National religious Jews, who make up most of the settler population, serve in the army and take strong right-wing positions, face the most acute dilemma: On the one hand, they see settling the Land of Israel as a necessary step toward the coming of the Messiah, and they accept rabbinical rulings; on the other, they're loyal to the State of Israel and its institutions.
While the settlers tend to emphasize the primacy of rabbinical injunctions, other movement leaders and intellectuals elevate the authority of the state. For example, ex-Gen. Yaacov Amidror, the first religious Jew to serve on the IDF general staff and one of the national religious movement's most articulate spokesmen against disengagement, makes a clear distinction between refusal by men in uniform -- which he says is always illegitimate -- and civil disobedience, which he condones.
In a democracy, Amidror said, it's totally unacceptable for army personnel to refuse to do the bidding of the government, to which they and the army are subordinate. Mass refusal, Amidror said, will pose a greater threat to the state than withdrawal -- which, he believes, is a huge strategic blunder.

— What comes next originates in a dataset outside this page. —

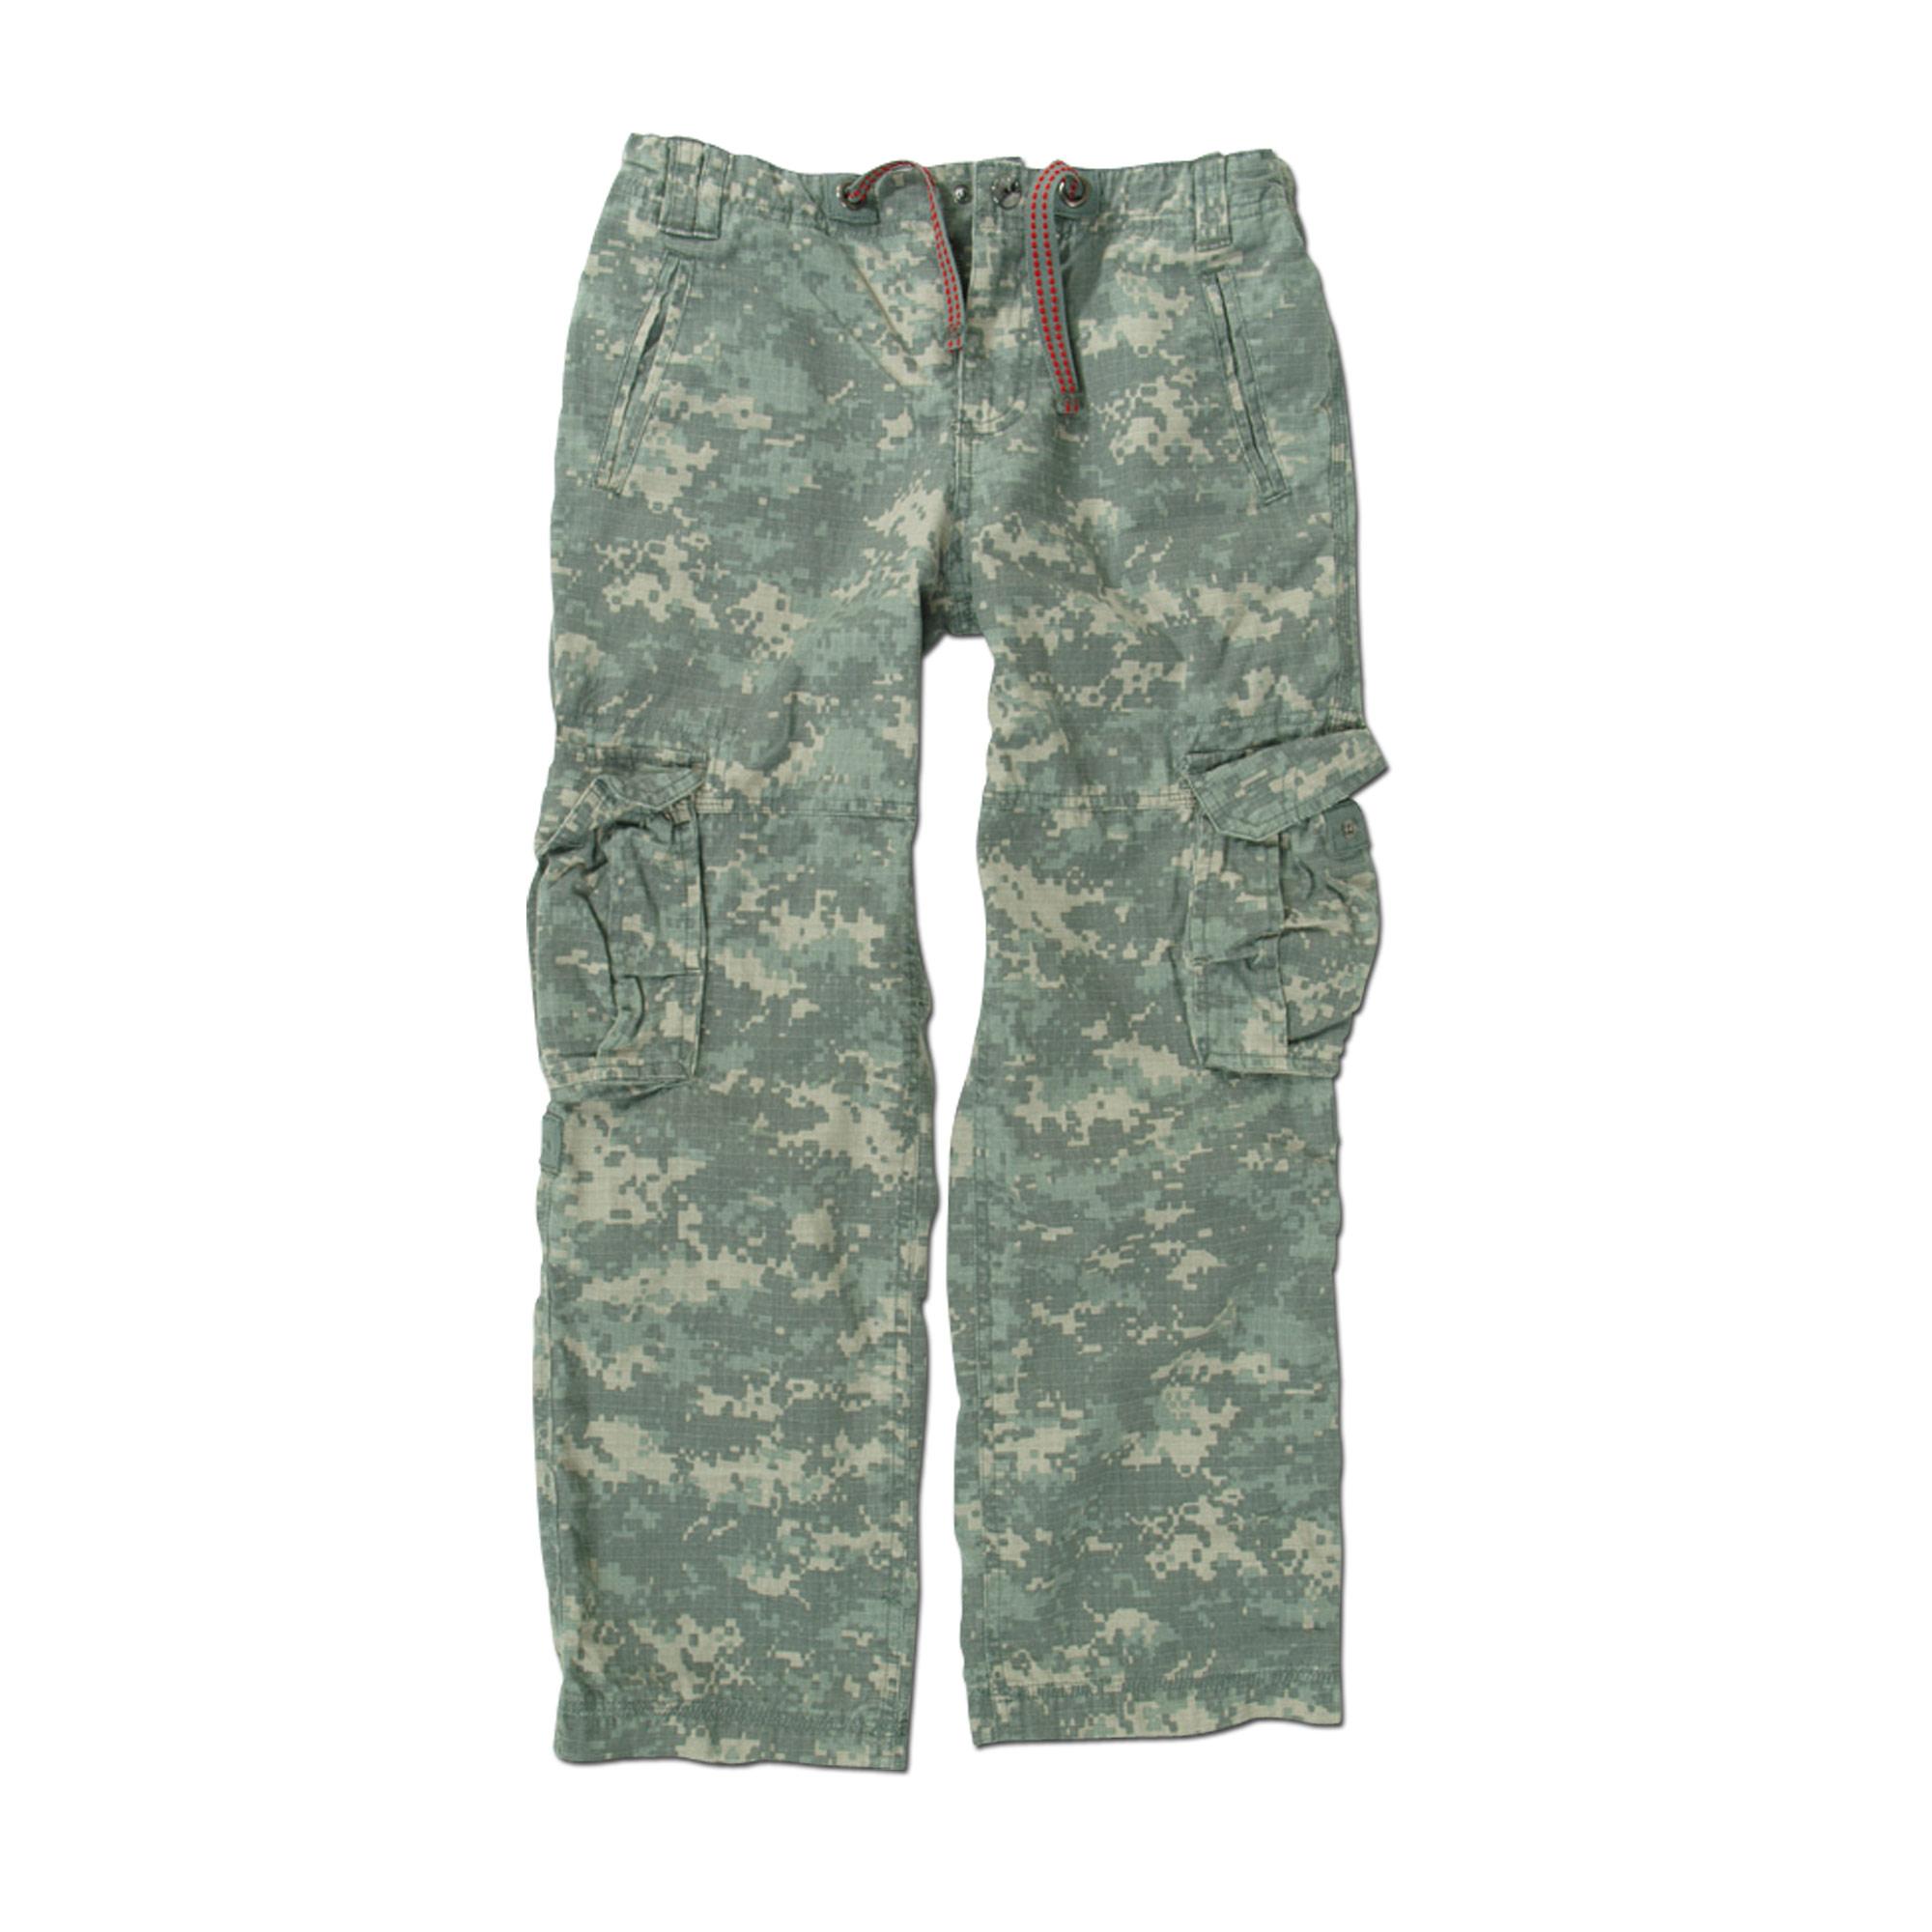 Pantalon Ranger enfant Mil-Tec AT-digital

Similarly, Moshe Kaveh, president of Bar Ilan University, where the faculty and student body is made up mostly of national religious Jews, maintains that most of the religious Zionist movement is against refusal, and he urges the camp's leaders and rabbis to speak out strongly.
"All those who are against must speak out so that history will not judge them for remaining silent at such a crucial time for the state they helped to build," he declared in an Israel Radio interview.

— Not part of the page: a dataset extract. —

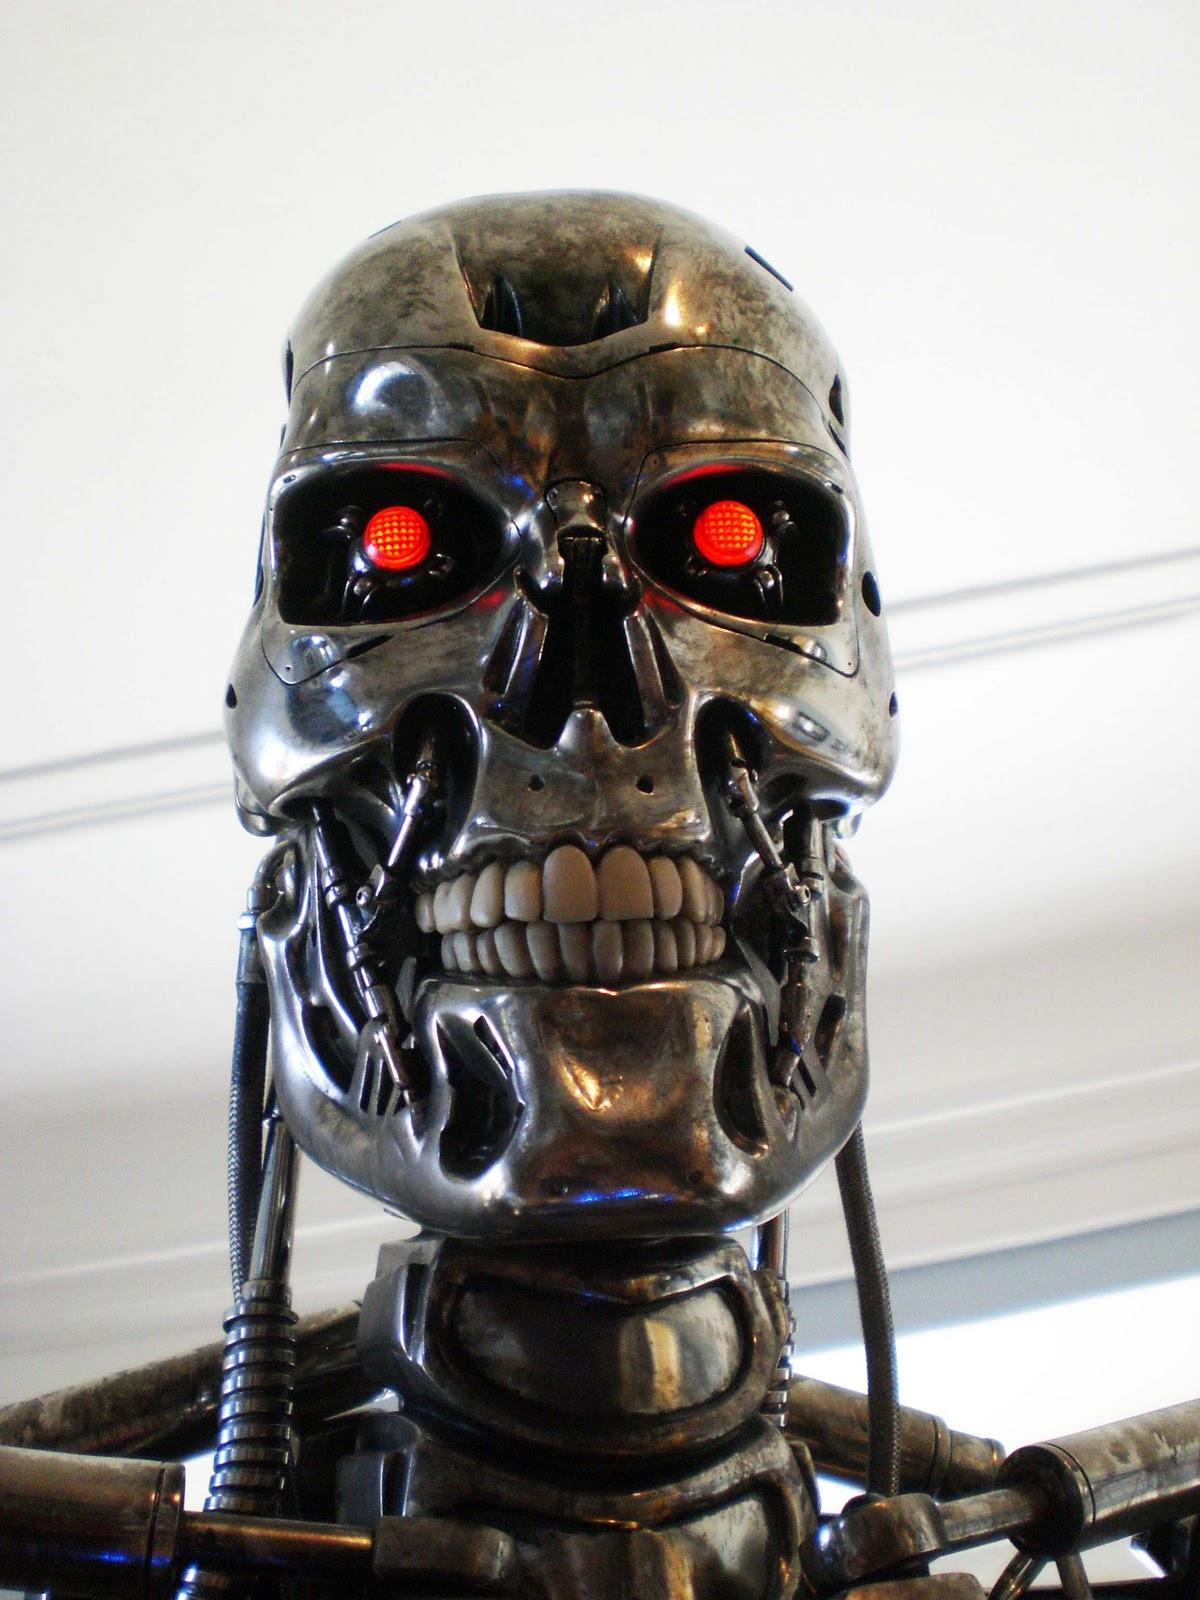 http://3.bp.blogspot.com/-jvP9WxfwP9s/TrLqcXCr8lI/AAAAAAAAevE/YjqzP17Y-Oo/s1600/T-800_Skull.jpg

Writing in the newspaper, Ma'ariv, journalist Bambi Sheleg, also a member of the national religious camp, came out strongly against the way many religious Jews subordinate their own judgment to that of the rabbis.
"Under the cloak of 'Torah ruling,' the smartest people suppress their independent views and their capacity to interpret reality as they see it," she wrote. "To be an observant Jew, you don't need a rabbi to think for you. A rabbi can decide on matters of kashrut, Shabbat and excommunication; he cannot decide for us on questions of life and death, especially when they are national questions."
In Yediot Achronot, political scientist Shlomo Avineri developed the same argument. A secular, left-wing Jew, Avineri maintained that rabbis should not have any special say in matters of state, because the Jewish religious law they rely on was developed for the Diaspora, not for conditions of national sovereignty.
"In matters of state, the halacha [Jewish law] has nothing to say, because it was developed -- and that's its power and glory -- at a time when the Israeli people did not have a state of their own," he wrote.
Criticism from the left reflected public impatience with the settlers. Labor Party legislator Ophir Pines-Paz accused settler leaders of hypocrisy for claiming to be against refusal but doing little to discourage it.
In fact, more and more pundits are calling on the government to set a final withdrawal date. After that, they say, settlers who decide to stay in their homes will have to fend for themselves, without IDF protection or government responsibility for their fate.
Leslie Susser is the diplomatic correspondent for the Jerusalem Report.